ITALIA: "DOPO LO SBALLO, ORA FACCIO IL MISSIONARIO"

 "Tra gli adattati e i ribelli io avevo scelto i ribelli per non adattarmi agli inganni del mondo" ha raccontato poi Giacomo,  22enne romano, un passato di alcol, sballo, esperienze e relazioni disordinate e parecchio disagio interiore. Dopo la ribellione  distruttiva, oggi è pienamente impegnato come missionario laico nelle missioni kenyote di Italia Solidale con la tribù Maasai e  con i volontari donadori del Nord Italia.
 "Anche mia madre non riusciva a darmi tutto l'amore e mio padre era un disastro" ha testimoniato Giacomo, che ha  raccontato le grandi sofferenze e i drammi di un adolescente che però ha potuto contare sulla grande presenza di Padre  Angelo e sul cammino della mamma, la prima volontaria di Italia Solidale, impegnata da una vita nelle missioni e nella  diffusione della cultura di sviluppo di vita e missione in Italia e trai poveri. "Padre Angelo mi ha sempre detto 'tu sei poeta e  fai il poeta', non mi giudicava, mi ascoltava e mi amava". Una storia di dolore, riscoperta di sé ed ora di amore per sé e per  gli altri, e che ora è diventata un libro, che lo stesso giovanissimo missionario ha scritto e sta per pubblicare con Italia  Solidale Editrice. Un segno e una mano concreta per i tanti ragazzi italiani, impoveriti da una cultura sballata, dalla mancanza  di amore, di occhi che li sappiano vedere e persone che li sappiano cogliere. Anche così, come questo ragazzo, si esprime la vocazione.

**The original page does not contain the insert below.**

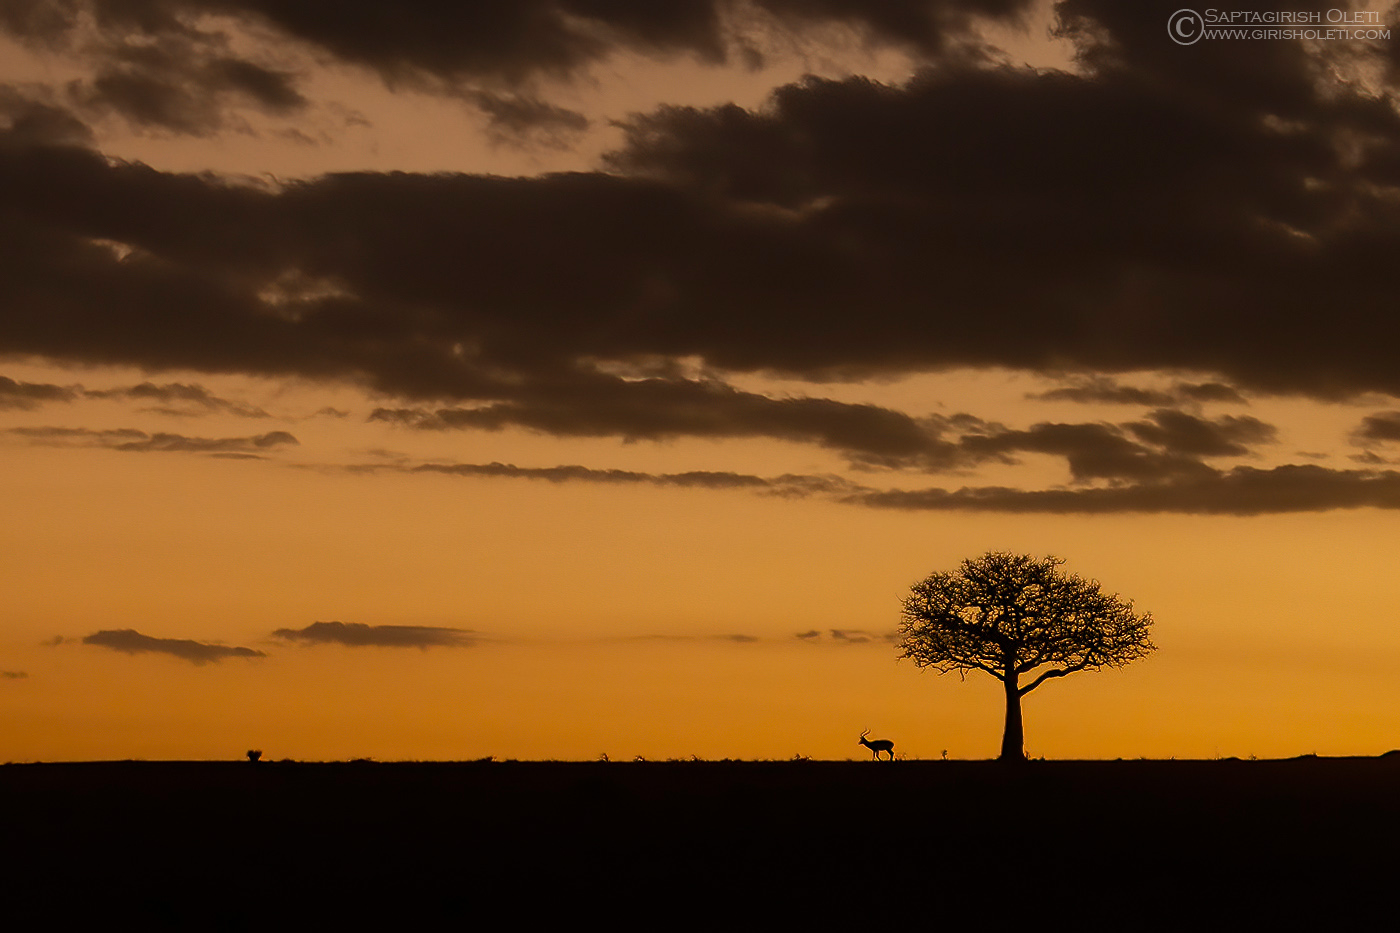 Topi photographed at Masai Mara, Kenya

COLOMBIA: "COI LIBRI DI PADRE ANGELO HO RITROVATO LA MIA VOCAZIONE"

 "Da bambino sentivo la chiamata di Dio, poi però mi sono anche io adattato al mondo, come moltissimi ragazzi. Eppure,  entrai in seminario... ma a un certo punto stavo per perdere la mia vocazione, avrei lasciato il Seminario se non avessi trovato  questa esperienza e i libri di Padre Angelo Benolli". Senza mezzi termini, gli occhi accesi e la voce fiorita, Alexander,  seminarista colombiano, ha stupito tutti, compresi i Vescovi e i vari religiosi presenti al Meeting, raccontando la sua  esperienza e la svolta nel suo cammino di candidato al sacerdozio. "Nei 9 anni di formazione, tra teologia e filosofia, questi  libri di Padre Angelo sono necessari, che bello sarebbe se fossero messi in tutti i seminari! Grazie ad essi io ho scoperto la mia  vera vocazione" "confessa" Alexander, al sesto anno di seminario. È uno dei giovani collegati ai volontari donatori italiani  mediante l'adozione missionaria. Una speciale adozione a distanza che sostiene i giovani che vogliono farsi prete o suora.  Oggi Bazil, come altri suoi 5 compagni di seminario, stra facendo già esperienza concretamente missionaria. Questi ragazzi  animano ciascuno una comunità di famiglie della missione di Florencia Solidaria – Italia Solidale, in una zona molto calda  della Colombia, tra guerriglia, paramilitarismo, sfruttamento delle multinazionali e narcotraffico.
 Approfondiscono così la propria vocazione e aiutano le mamme e i papà a scoprire la propria, quella di genitori e di sposi, appunto. Partendo dalla loro realtà fino a riscoprire la Creazione che ciascuno ha dentro.

Testimonanze vive, concretamente necessarie e utili per i ragazzi, le famiglie e la Chiesa di oggi.
Infatti, questo primo giorno di Meeting è stato coronato dall'arrivo del Cardinale del Kenya Jhon Njue.